I have just finished Somerset Art Weeks (mentioned in a previous blog). It was my first festival and lasted two weeks at Worthy Barn, Pilton so I thought I would post a small summary.


As I am a recent resident of the village of Pilton, I thought I would do mainly local work for my first outing at the art fair. ‘Local’ in Pilton however is not quite as simple as it seems.

Pilton is certainly a traditional Somerset village though Pilton possesses a curious duality in that it also hosts the Glastonbury Festival. A parish of 900 increases to 140,000 for just a week or so with Mick Jagger pacing fields normally reserved for cows.

With that in mind, I set myself the challenge of painting a mixed bag of the full Pilton experience and of representing both aspects of village life.


A watercolour of the Pilton Methodist Church 

Not so ‘Private View’

We had our private view on the 21st September. I have experienced a fair few ‘Private views’ over the years including the Royal Academy of Arts and the Royal Society of British Artists and I can honestly say this was the one which I had the most pre show nerves.

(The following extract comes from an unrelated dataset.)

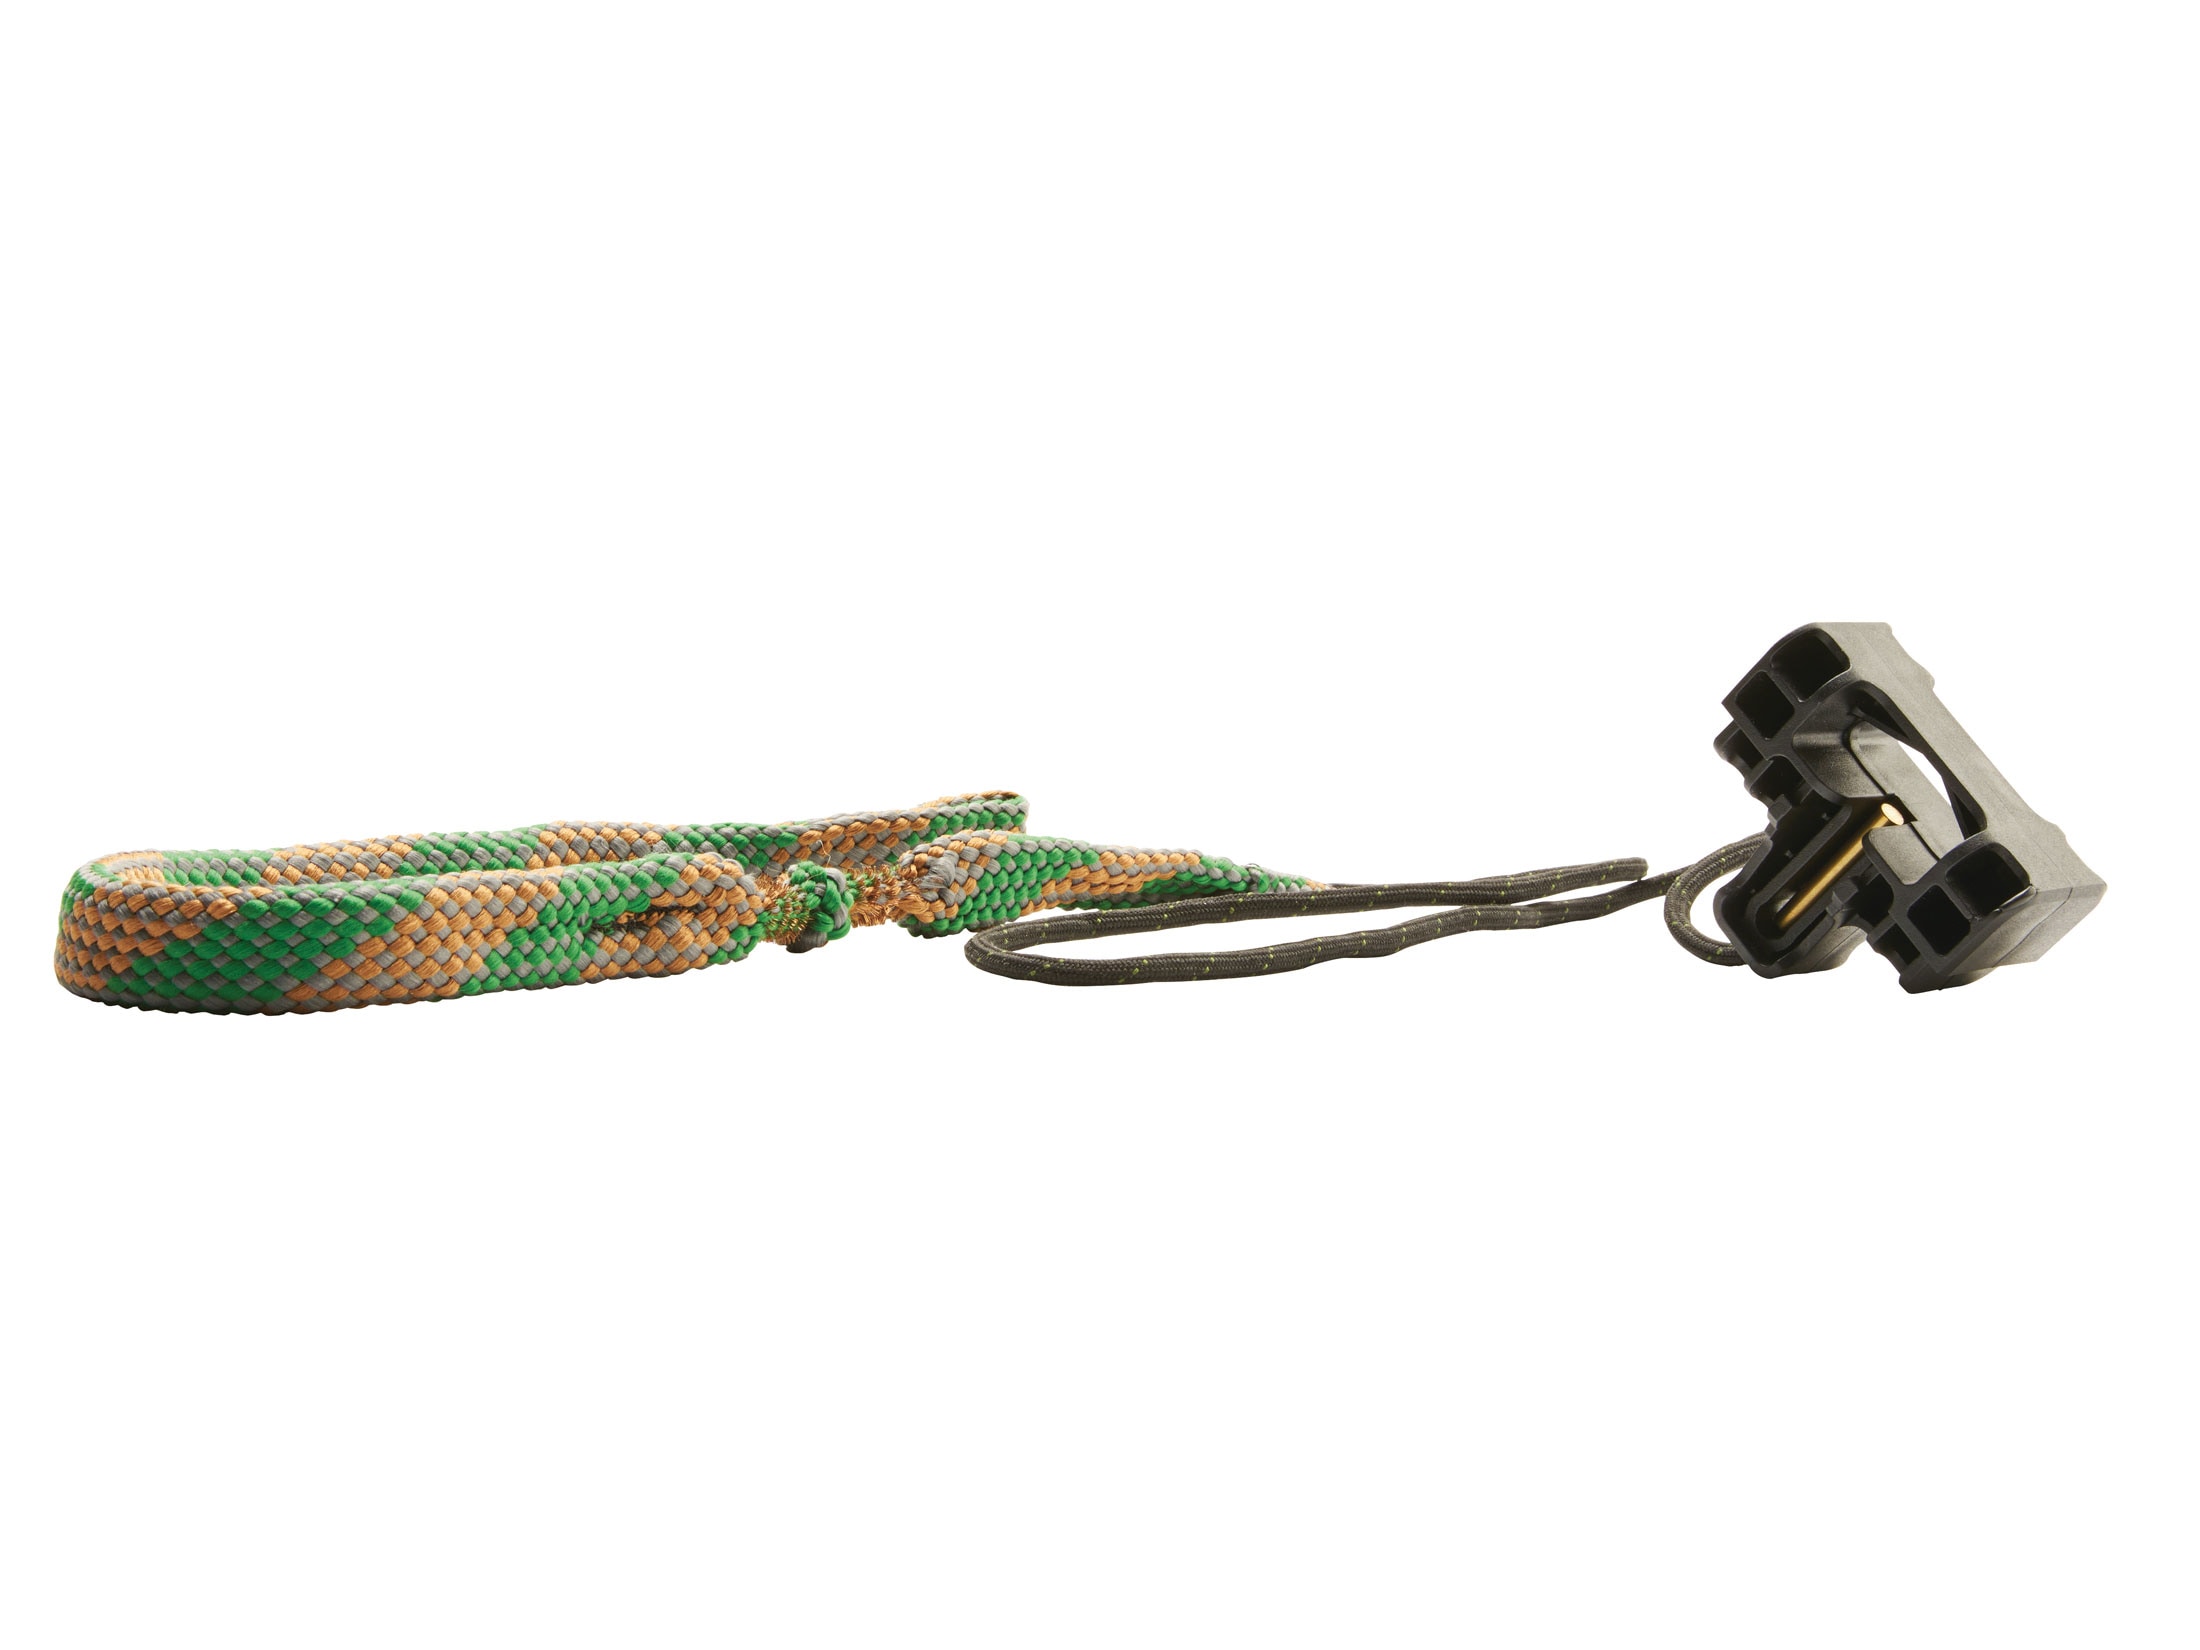 Hoppe’s Viper BoreSnake Bore Cleaner with T-Handle For Sale

In London you can get lost in the immensity of the place so at the private views you can drop into the background a bit and just natter to friends, then slink off up to China Town for bite to eat and a beer.

In Pilton there was no such thing. The venue is a modest barn with nowhere to run off to and a fair amount of those invited live in the same street as me.

Cocktail Bus at the Glastonbury Festival

 Cocktail Bus at the Glastonbury Festival


Some of my fellow exhibiters work on the Glastonbury Festival and other related events around the country so they organised yurts, fire eaters, fire pits, great lighting and created the perfect atmosphere.  We all pulled together supplying music, food and drink.


The big night

We were due to kick off at 7pm. About 6.30pm those invited, and those who were not invited began arriving and settling in with a glass of wine and a few nibbles keenly inspecting the paintings, jewellery, pottery, and all sorts on offer. By 8pm the barn, was packed to the gunnels with visitors of all generations, the music was going and quite a party ensued.


Outside the fire eaters were doing their thing and the waiters were feeding all and keeping the glasses topped up. A sort of micro-Glastonbury Festival. Fantastic.


The result

As I mentioned earlier, I was a mite nervous about facing the neighbours with my version of their community. Thankfully it went swimmingly and the reaction was overwhelmingly positive supported with sales, also requests for limited edition prints and exhibition opportunities.


The private view was supposed to end at 9pm though no one seemed to want to go, so on it went. Our patient hosts eventually shooed the last out at 11pm to make their way home on the pitch dark lanes. I don’t think I have ever enjoyed a private view so much.

A quick oil painting of Glastonbury Tor

A quick oil painting of Glastonbury Tor from the barn

And finally

The next day we visited a few outlying villages to see their exhibitions. I mentioned to one local that our private view was a blast. ‘Im not surprised’ he said ‘everyone knows Pilton knows how to party!’.